IGCSE Mathematics: Probability

Cambridge IGCSE 0580 & Edexcel 4MA1 · Updated March 2026

Probability is the study of chance and uncertainty. In this chapter you will learn to calculate the likelihood of events, represent combined events using sample spaces, tree diagrams, and Venn diagrams, and use set notation to describe relationships between events. These skills underpin data analysis, decision-making, and statistical reasoning.

Specification Note

Content labelled Extended is required for Extended tier (Cambridge) or Higher tier (Edexcel) only.

1. Basic Probability

The Probability Scale

Probability is always a number between $0$ and $1$ inclusive. A probability of $0$ means the event is impossible; a probability of $1$ means it is certain.

$$0 \leq P(A) \leq 1$$

Theoretical Probability

When all outcomes are equally likely:

$$P(\text{event}) = \frac{\text{number of favourable outcomes}}{\text{total number of possible outcomes}}$$

Complementary Events

The complement of event $A$, written $A'$ (or $\bar{A}$), consists of all outcomes where $A$ does not occur.

$$P(A') = 1 - P(A)$$

Experimental Probability and Relative Frequency

When we cannot calculate probability theoretically, we estimate it through experiment. The relative frequency of an event after $n$ trials is:

$$\text{Relative frequency} = \frac{\text{number of times event occurs}}{n}$$

As $n$ increases, the relative frequency tends towards the theoretical probability. This is the basis of the law of large numbers.

Example 1 — Basic probability calculations

A bag contains 5 red, 3 blue, and 2 green counters. One counter is selected at random. Find:

(a) $P(\text{red})$   (b) $P(\text{not blue})$   (c) $P(\text{yellow})$

Step 1 Total counters: $5 + 3 + 2 = 10$

(a) $P(\text{red}) = \dfrac{5}{10} = \dfrac{1}{2}$

(b) $P(\text{blue}) = \dfrac{3}{10}$, so $P(\text{not blue}) = 1 - \dfrac{3}{10} = \dfrac{7}{10}$

(c) There are no yellow counters, so $P(\text{yellow}) = 0$

Example 2 — Relative frequency

A biased coin is flipped 200 times. It lands heads 130 times. Estimate the probability of getting heads on the next flip.

Step 1 Relative frequency $= \dfrac{130}{200} = \dfrac{13}{20} = 0.65$

The estimated probability of heads is $0.65$. Since this is greater than $0.5$, the coin appears biased towards heads.

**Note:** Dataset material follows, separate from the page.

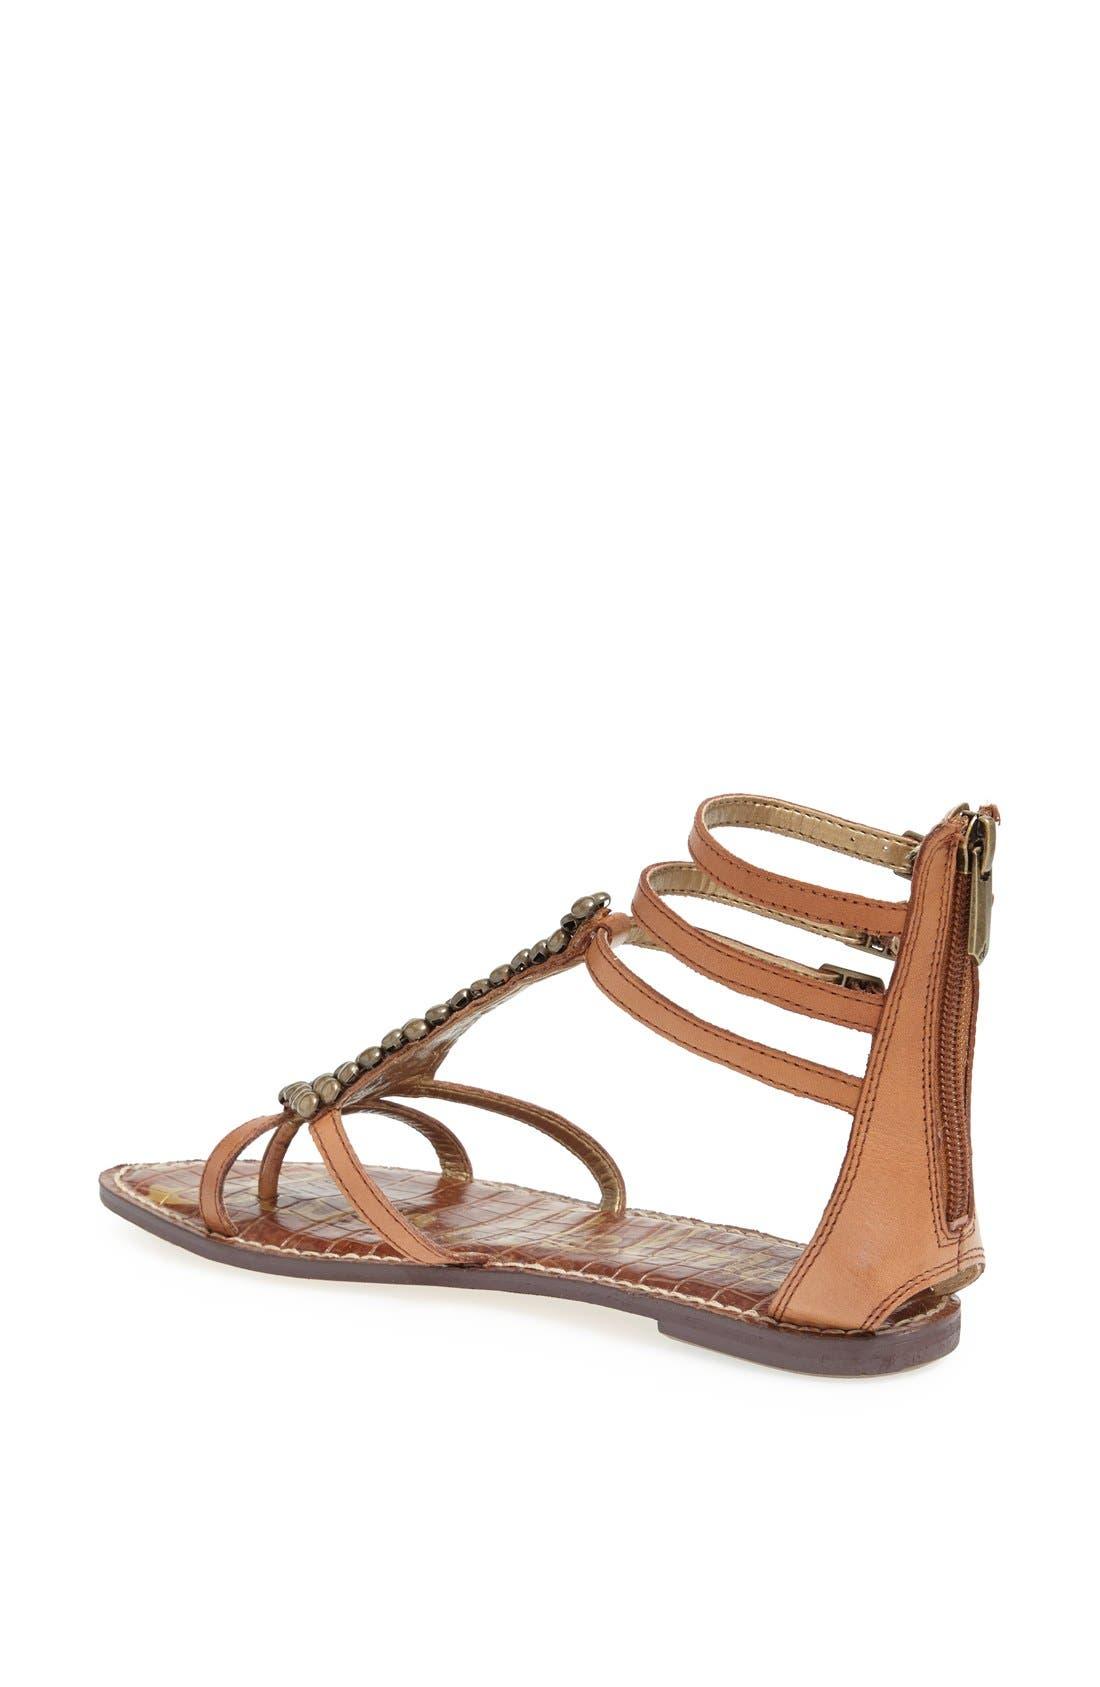 Alternate Image 2  - Sam Edelman 'Ginger' Sandal

Figure 8.1 — Probability distribution for the colours of counters in Example 1. Each bar shows the probability of selecting that colour.

Practice 1a

A standard six-sided die is rolled. Find: (i) $P(4)$, (ii) $P(\text{even})$, (iii) $P(\text{greater than 4})$, (iv) $P(\text{not 1})$.

Show Solution

Total outcomes: 6 equally likely

(i) $P(4) = \dfrac{1}{6}$

(ii) Even numbers: $\{2, 4, 6\}$. $P(\text{even}) = \dfrac{3}{6} = \dfrac{1}{2}$

(iii) Numbers greater than 4: $\{5, 6\}$. $P(>4) = \dfrac{2}{6} = \dfrac{1}{3}$

(iv) $P(\text{not 1}) = 1 - \dfrac{1}{6} = \dfrac{5}{6}$

Practice 1b

A spinner is spun 400 times. It lands on red 96 times. Estimate $P(\text{red})$ and suggest the number of red sections if the spinner has 10 equal sections.

Show Solution

Relative frequency $= \dfrac{96}{400} = 0.24$

Expected number of red sections $\approx 0.24 \times 10 = 2.4$

Since sections must be whole numbers, we estimate approximately $2$ or $3$ red sections.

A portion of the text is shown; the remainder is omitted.